Task => In the records below, find the lines that include the string "Kids" and report how many there are, nothing else.

The data =>
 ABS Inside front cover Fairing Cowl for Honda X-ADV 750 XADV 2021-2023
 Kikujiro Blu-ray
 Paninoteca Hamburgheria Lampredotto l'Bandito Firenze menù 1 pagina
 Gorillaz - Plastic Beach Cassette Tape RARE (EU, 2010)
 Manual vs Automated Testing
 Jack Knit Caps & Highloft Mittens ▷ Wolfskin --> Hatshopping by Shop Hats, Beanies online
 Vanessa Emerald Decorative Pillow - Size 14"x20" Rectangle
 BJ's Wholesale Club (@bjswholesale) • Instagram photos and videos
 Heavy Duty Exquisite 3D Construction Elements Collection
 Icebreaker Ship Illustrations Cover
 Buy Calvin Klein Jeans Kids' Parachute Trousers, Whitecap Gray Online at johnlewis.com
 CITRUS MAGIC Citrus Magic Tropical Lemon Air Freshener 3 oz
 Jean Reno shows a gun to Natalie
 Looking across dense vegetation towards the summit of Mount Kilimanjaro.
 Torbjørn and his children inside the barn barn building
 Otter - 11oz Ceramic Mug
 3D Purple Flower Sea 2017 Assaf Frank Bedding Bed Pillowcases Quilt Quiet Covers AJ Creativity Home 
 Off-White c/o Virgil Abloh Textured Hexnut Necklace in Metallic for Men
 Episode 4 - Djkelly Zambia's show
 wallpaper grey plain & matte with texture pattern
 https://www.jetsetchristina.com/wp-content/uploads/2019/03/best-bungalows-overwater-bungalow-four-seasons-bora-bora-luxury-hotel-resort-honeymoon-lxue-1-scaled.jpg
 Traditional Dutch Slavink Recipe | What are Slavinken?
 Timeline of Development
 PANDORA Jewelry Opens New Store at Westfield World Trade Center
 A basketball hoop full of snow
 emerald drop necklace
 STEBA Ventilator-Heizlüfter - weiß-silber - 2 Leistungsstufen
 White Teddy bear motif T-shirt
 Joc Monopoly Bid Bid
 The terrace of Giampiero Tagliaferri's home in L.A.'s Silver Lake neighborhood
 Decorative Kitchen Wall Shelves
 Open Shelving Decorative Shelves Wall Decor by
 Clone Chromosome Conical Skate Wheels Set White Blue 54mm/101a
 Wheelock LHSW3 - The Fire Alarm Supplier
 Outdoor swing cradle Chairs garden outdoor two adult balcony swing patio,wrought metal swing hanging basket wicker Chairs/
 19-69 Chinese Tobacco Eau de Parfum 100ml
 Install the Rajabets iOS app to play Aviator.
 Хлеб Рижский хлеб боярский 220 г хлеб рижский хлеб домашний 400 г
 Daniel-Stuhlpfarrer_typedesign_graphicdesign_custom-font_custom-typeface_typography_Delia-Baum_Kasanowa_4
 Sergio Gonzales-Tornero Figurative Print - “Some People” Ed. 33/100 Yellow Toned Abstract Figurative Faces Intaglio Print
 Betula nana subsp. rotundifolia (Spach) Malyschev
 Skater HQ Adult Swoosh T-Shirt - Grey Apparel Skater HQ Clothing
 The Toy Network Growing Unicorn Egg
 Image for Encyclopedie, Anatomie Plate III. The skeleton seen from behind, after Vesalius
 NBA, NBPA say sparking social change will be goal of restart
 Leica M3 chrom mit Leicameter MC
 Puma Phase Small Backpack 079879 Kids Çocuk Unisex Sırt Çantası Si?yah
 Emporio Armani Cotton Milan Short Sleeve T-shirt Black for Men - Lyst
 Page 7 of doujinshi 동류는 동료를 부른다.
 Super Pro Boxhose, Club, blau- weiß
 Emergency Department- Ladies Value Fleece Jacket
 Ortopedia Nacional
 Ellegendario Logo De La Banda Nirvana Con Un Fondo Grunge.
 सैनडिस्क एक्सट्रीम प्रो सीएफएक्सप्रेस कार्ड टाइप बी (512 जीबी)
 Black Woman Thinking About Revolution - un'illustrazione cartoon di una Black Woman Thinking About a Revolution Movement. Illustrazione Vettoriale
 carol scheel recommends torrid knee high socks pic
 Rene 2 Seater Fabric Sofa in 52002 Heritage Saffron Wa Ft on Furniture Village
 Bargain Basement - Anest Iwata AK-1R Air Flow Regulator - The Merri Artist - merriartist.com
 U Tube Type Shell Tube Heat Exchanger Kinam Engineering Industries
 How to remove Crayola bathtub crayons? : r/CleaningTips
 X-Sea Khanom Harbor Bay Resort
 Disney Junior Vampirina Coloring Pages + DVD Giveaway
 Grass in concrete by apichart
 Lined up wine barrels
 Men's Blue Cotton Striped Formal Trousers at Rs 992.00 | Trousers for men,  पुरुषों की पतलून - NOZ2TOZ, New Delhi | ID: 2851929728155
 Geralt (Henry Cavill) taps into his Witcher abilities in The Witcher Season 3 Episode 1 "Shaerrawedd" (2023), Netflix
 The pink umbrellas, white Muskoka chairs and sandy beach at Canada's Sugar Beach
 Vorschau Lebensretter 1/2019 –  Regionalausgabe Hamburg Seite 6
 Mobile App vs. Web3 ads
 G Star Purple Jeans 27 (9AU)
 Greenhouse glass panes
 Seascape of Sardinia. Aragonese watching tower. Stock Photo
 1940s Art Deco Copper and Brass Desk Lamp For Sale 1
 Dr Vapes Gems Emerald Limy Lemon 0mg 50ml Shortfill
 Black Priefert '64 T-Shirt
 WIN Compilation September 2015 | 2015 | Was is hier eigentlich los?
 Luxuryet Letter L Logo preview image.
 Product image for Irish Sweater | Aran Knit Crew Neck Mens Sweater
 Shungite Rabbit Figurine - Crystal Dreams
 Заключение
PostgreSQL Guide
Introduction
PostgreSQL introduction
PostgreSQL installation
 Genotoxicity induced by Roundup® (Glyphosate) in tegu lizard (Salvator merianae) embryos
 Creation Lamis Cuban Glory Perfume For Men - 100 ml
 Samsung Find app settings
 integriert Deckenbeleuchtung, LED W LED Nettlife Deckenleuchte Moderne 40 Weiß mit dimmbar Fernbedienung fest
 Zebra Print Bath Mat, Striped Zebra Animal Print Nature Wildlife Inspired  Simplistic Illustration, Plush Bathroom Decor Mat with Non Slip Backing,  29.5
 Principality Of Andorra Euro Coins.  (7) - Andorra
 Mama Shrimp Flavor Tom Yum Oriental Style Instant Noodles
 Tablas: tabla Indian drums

Answer box => 2